Manual annotations, e.g. tags and links, of user generated content in community question answering forums and social media play an important role in making the content searchable. During the active phase of a new question entered into a CQA forum, a moderator or an answerer often has to make a significant effort to manually search for related question threads (which we refer to as documents), that he may consider linking to the current question. This manual effort can be greatly reduced by an automated search process to suggest a list of candidate documents to be linked to the new document. We described our investigation of link recommendation for this task. We approach the problem as an ad-hoc information retrieval (IR) task in which a new document (question) acts as the query and the intention is to retrieve a list of potentially relevant documents (previously asked questions in the forum), which could then be linked (manually) to the new one. In contrast to standard ad-hoc search, two pieces of human annotated additional information, namely the tags of the documents and the known links between existing document pairs, can potentially be used to improve the search quality for new questions.
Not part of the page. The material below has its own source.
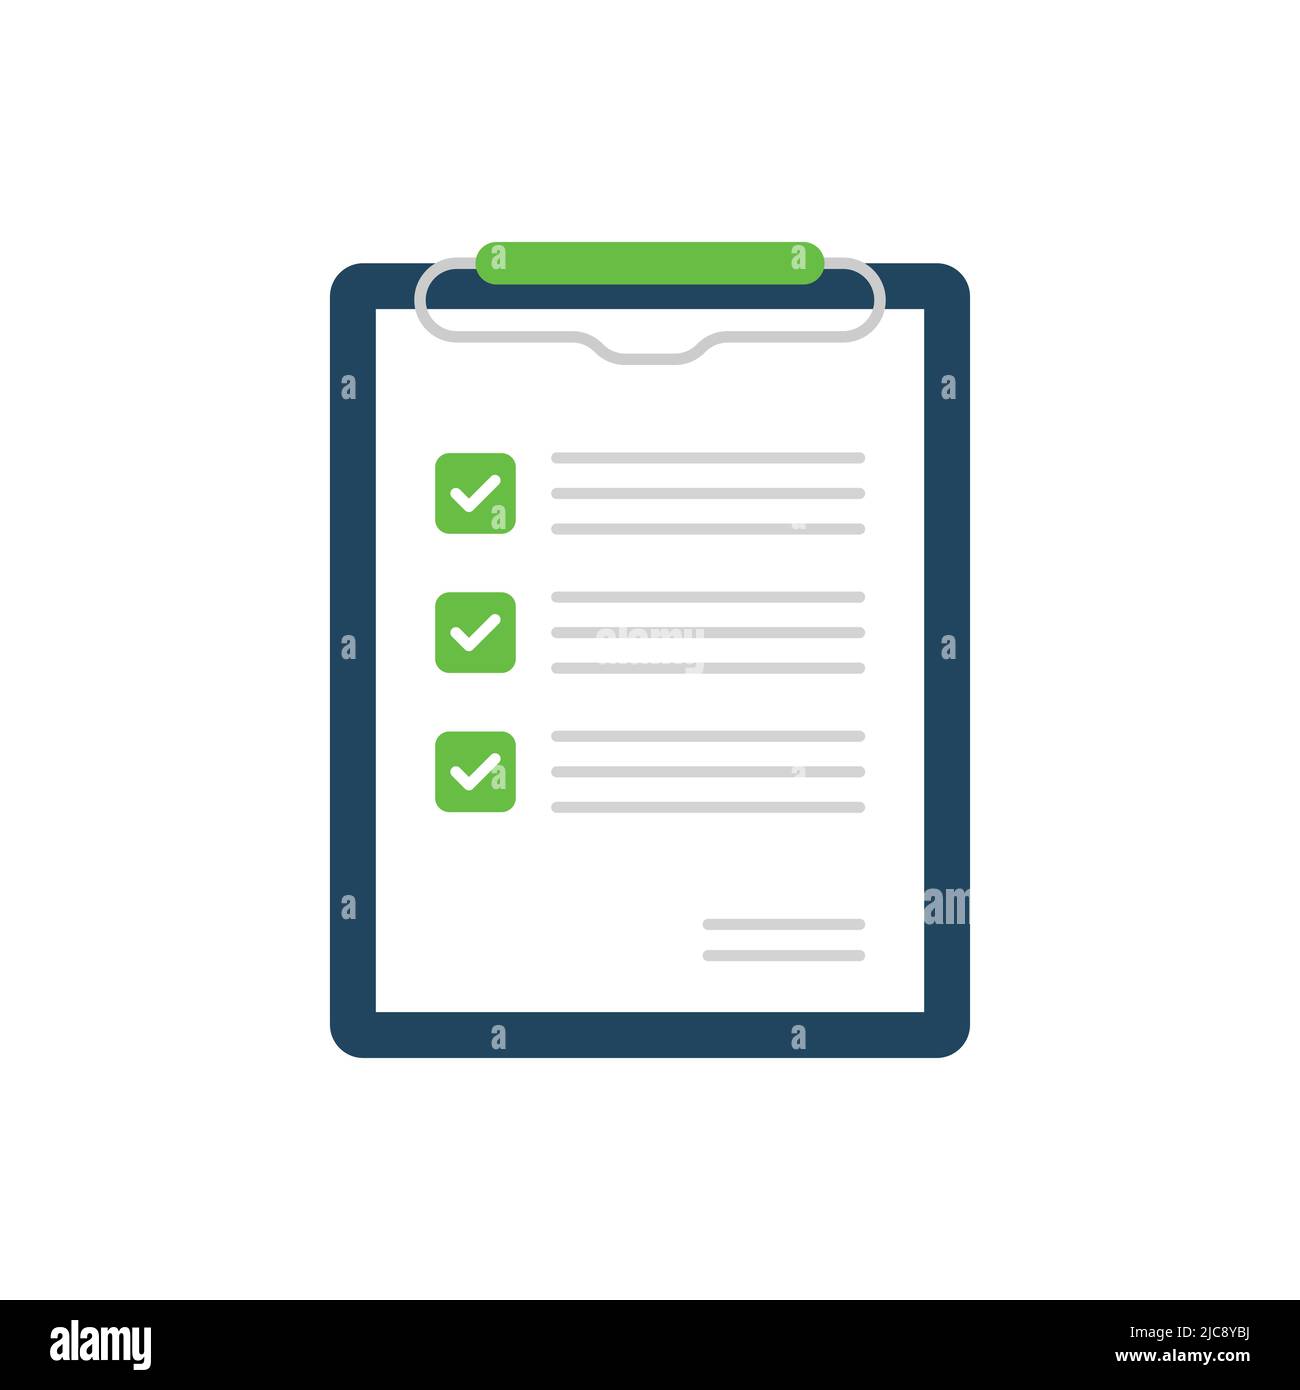 Contract document icon in flat style. Report vector illustration on isolated background. Checklist paper sheet sign business concept. Stock Vector

To utilize this additional information, we propose a generative model of tagged documents which jointly estimates the distribution of topics corresponding to each tag of a document along with the likelihood of a document being linked to another one. The model predictions are then incorporated in the query likelihood estimate of a standard language model (LM) of IR. Experiments conducted on three months of a crawled StackOverflow dataset show that utilizing the tag specific topic distributions results in a significant improvement in retrieval of the candidate set of related documents.
用于检索CQA论坛中相似问题的部分标记监督主题模型
在社区问答论坛和社交媒体中,用户生成内容的手动注释(如标签和链接)在使内容可搜索方面起着重要作用。在进入CQA论坛的新问题的活跃阶段,版主或回答者通常必须付出巨大的努力,手动搜索相关的问题线程(我们称之为文档),他可能会考虑将其链接到当前问题。通过自动搜索过程建议将候选文档列表链接到新文档,可以大大减少这种手工工作。我们描述了我们对该任务的链接推荐的调查。我们把这个问题当作一个特别的信息检索(IR)任务来处理,其中一个新文档(问题)充当查询,目的是检索潜在相关文档(以前在论坛中提出的问题)的列表,然后可以(手动)链接到新的文档。与标准的特别搜索相比,两个人工注释的附加信息,即文档的标记和现有文档对之间的已知链接,可以潜在地用于提高新问题的搜索质量。为了利用这些额外的信息,我们提出了一个标记文档的生成模型,该模型联合估计文档的每个标签对应的主题分布以及文档链接到另一个文档的可能性。然后将模型预测合并到IR的标准语言模型(LM)的查询似然估计中。在三个月的爬行StackOverflow数据集上进行的实验表明,利用特定于标签的主题分布可以显著改善相关文档候选集的检索。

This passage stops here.